Troubled by the depiction of mentally ill characters in popular novels, movies, and TV shows, this horror author has some tips for taking a more sensitive approach to the topic.
In Heath Ledger’s Oscar-winning performance in his portrayal of Batman’s most notorious villain in The Dark Knight, he said, “As you know, madness is like gravity. All it takes is a little push.”
The film, the actor, and real life orchestrated a cacophony that sends a chill up my spine to this very day. When I used to run the ScHoFan Critique Group in the Greater Los Angeles Writers Society, I remember a time when I introduced a story with a suicide narrative. It was then that I learned how using the wrong language could trigger a negative response.

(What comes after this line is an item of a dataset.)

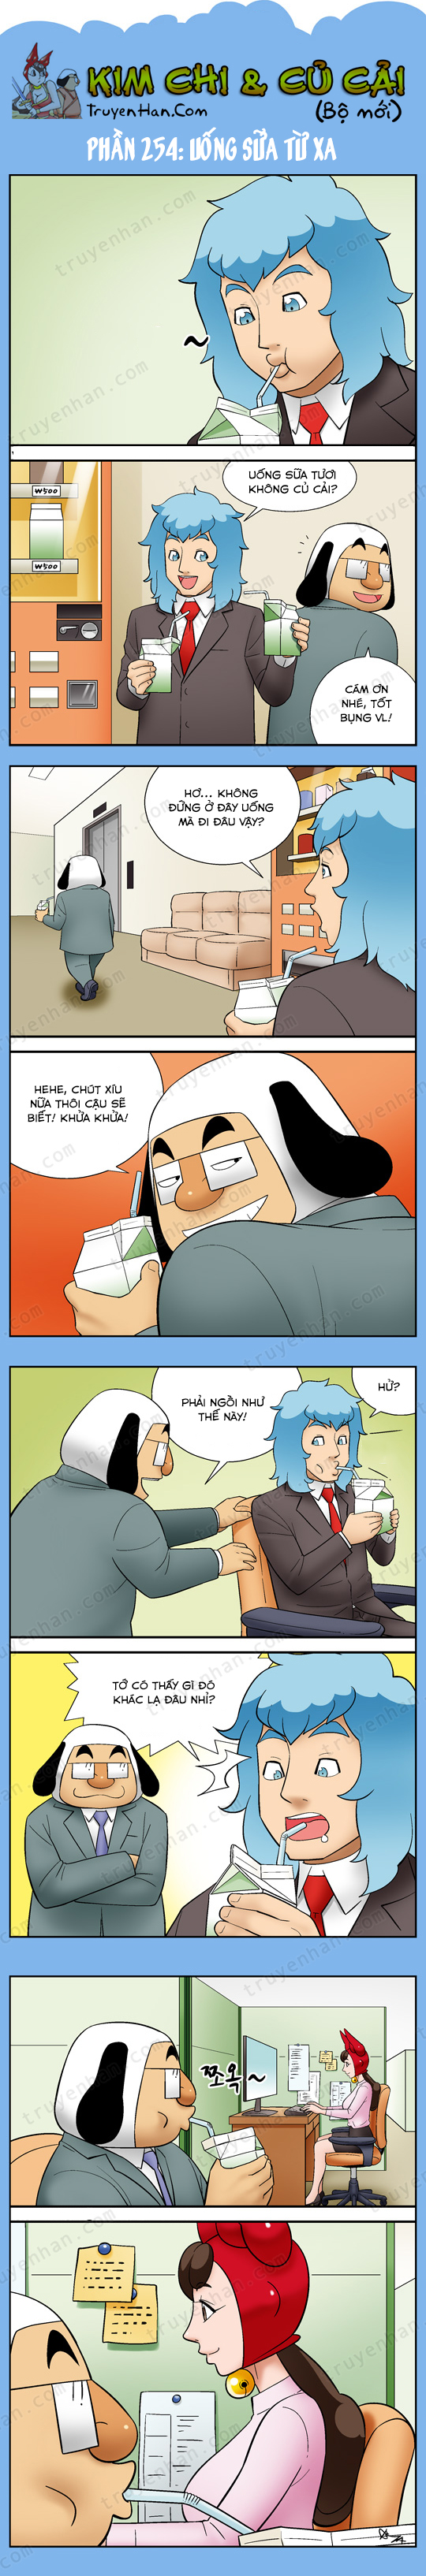 Kim Chi Và Củ Cải phần 254: Uống sữa từ xa

I never wrote that story, becoming aware that reinforcing certain stereotypes of people with mental illnesses was dangerous and could cause real-life discrimination, or worse, harm. There have actually been novels, which I will not name out of sensitivity to the subject, that led to a copycat effect that increased by more than 300% after one of those novels was published. That is a stunning number.

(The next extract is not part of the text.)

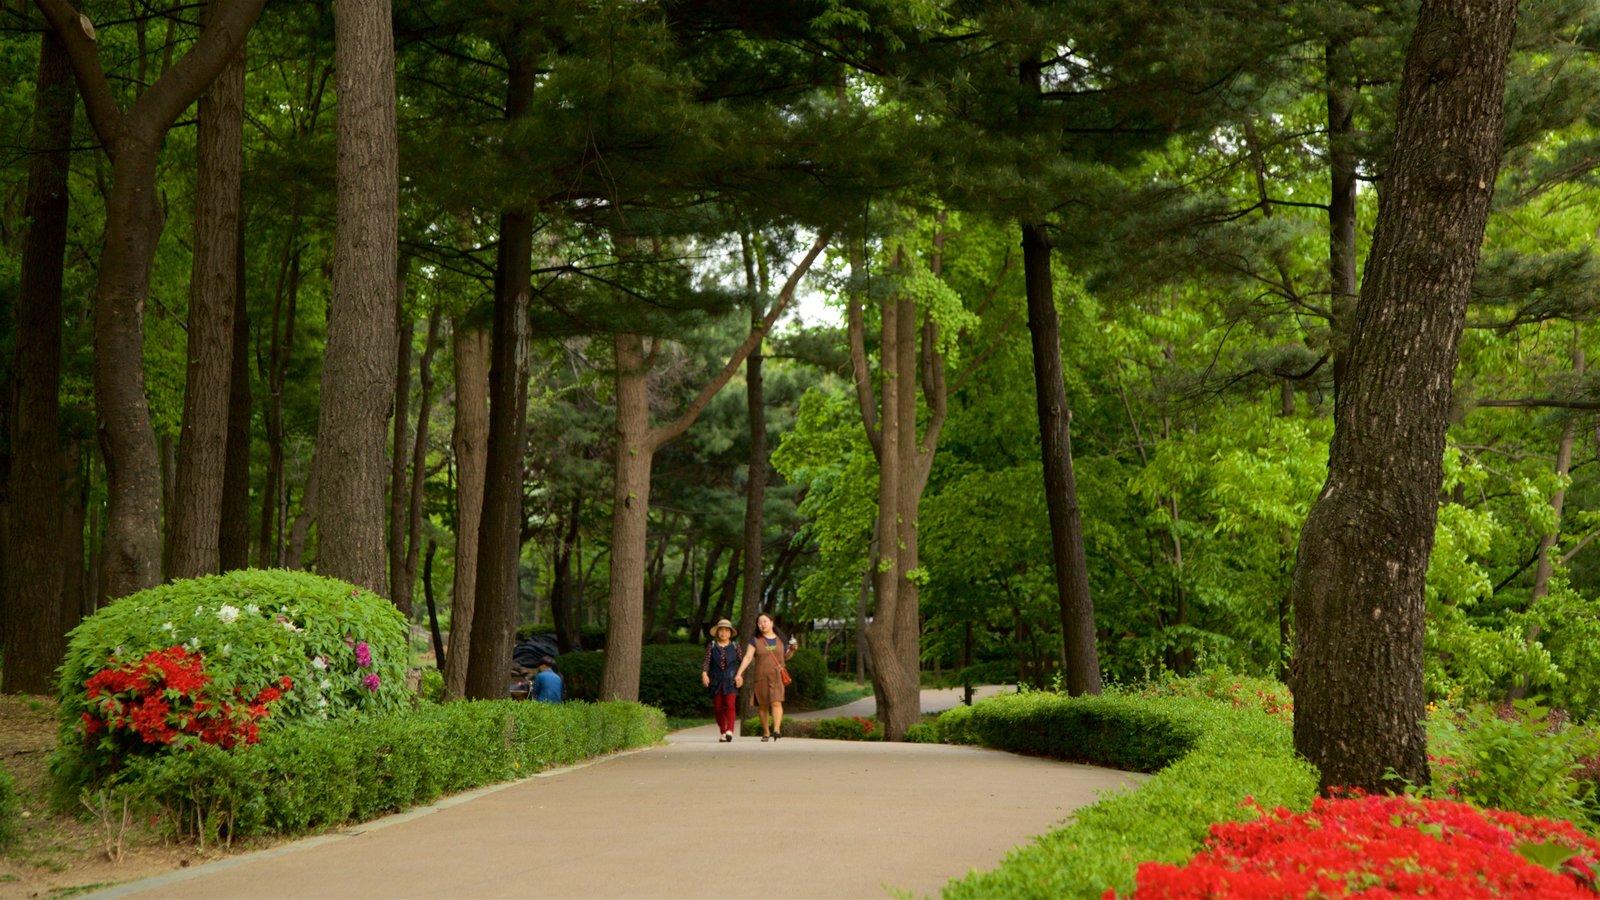 Jardín Botánico de Namsan mostrando un jardín y flores silvestres y también una pareja

In this article, I’d like to discuss whether horror writers should start exploring how to develop characters with severe mental illnesses with fairer and more accurate representation, how writing certain stories actually increases copycat responses, and what stories are out there in the horror genres that chose to tread different paths of presenting mental illness.

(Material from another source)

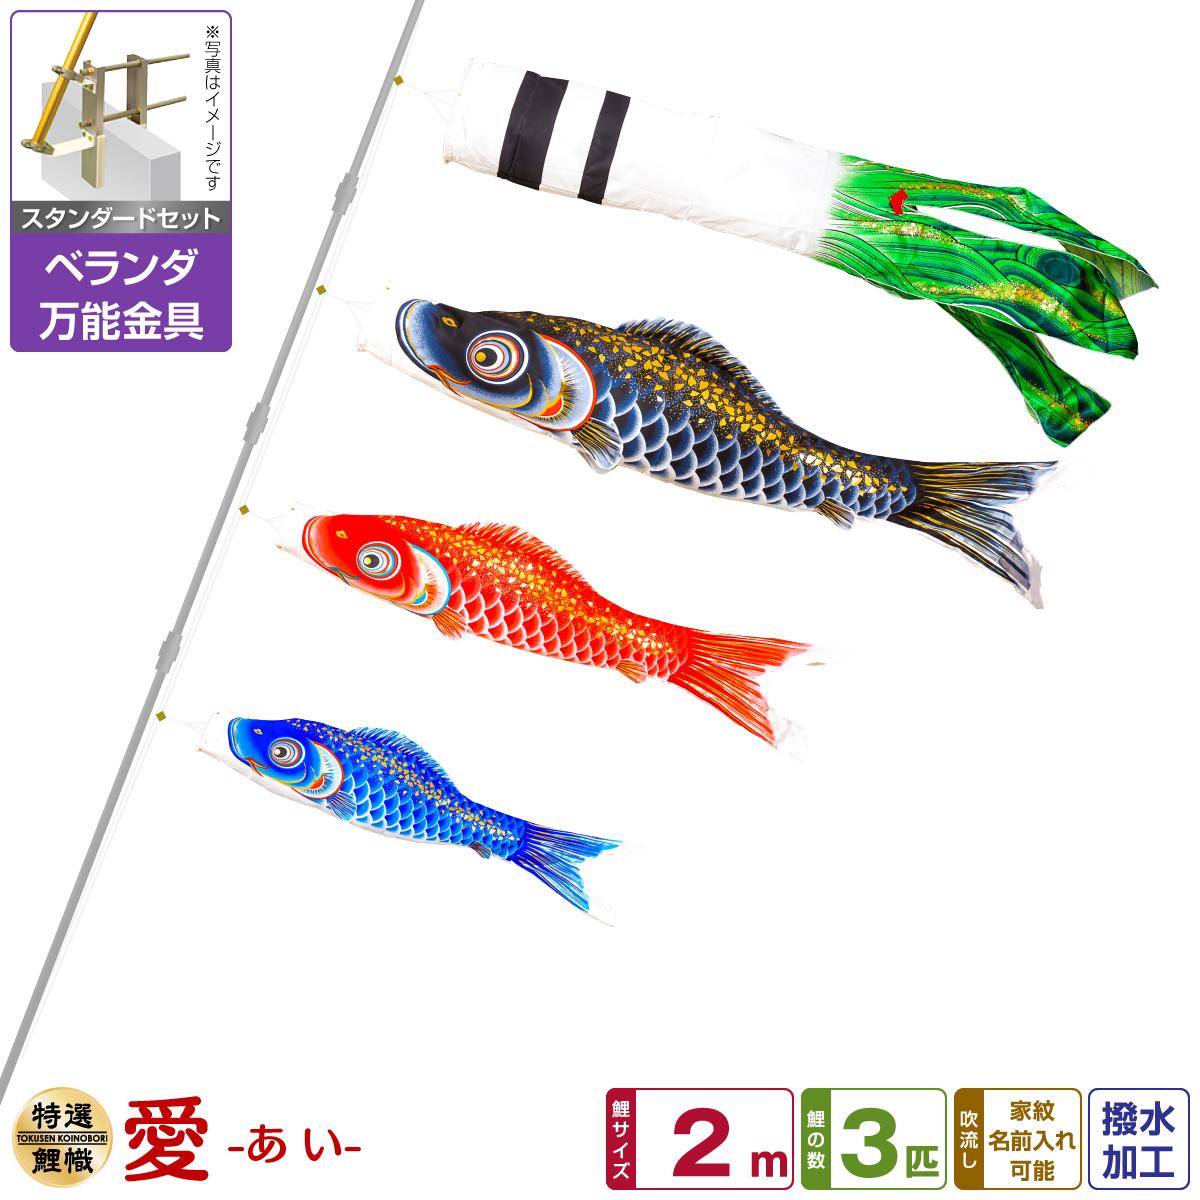 ベランダ用 こいのぼり 鯉のぼり 愛 2m 6点(吹流し+鯉3匹+矢車+ロープ)/スタンダードセット(万能取付金具)

Does the DC film Joker: Put On A Happy Face portray the character as a psychopath or a mentally ill person? The film creates empathy for the character, and portrays him as a person that has a difficult time dealing with an array of physical abuse. When the supervillain first appeared in the debut issue of the comic book Batman on April 25, 1940, the joker was introduced as a psychopathic prankster with a warped sense of humor.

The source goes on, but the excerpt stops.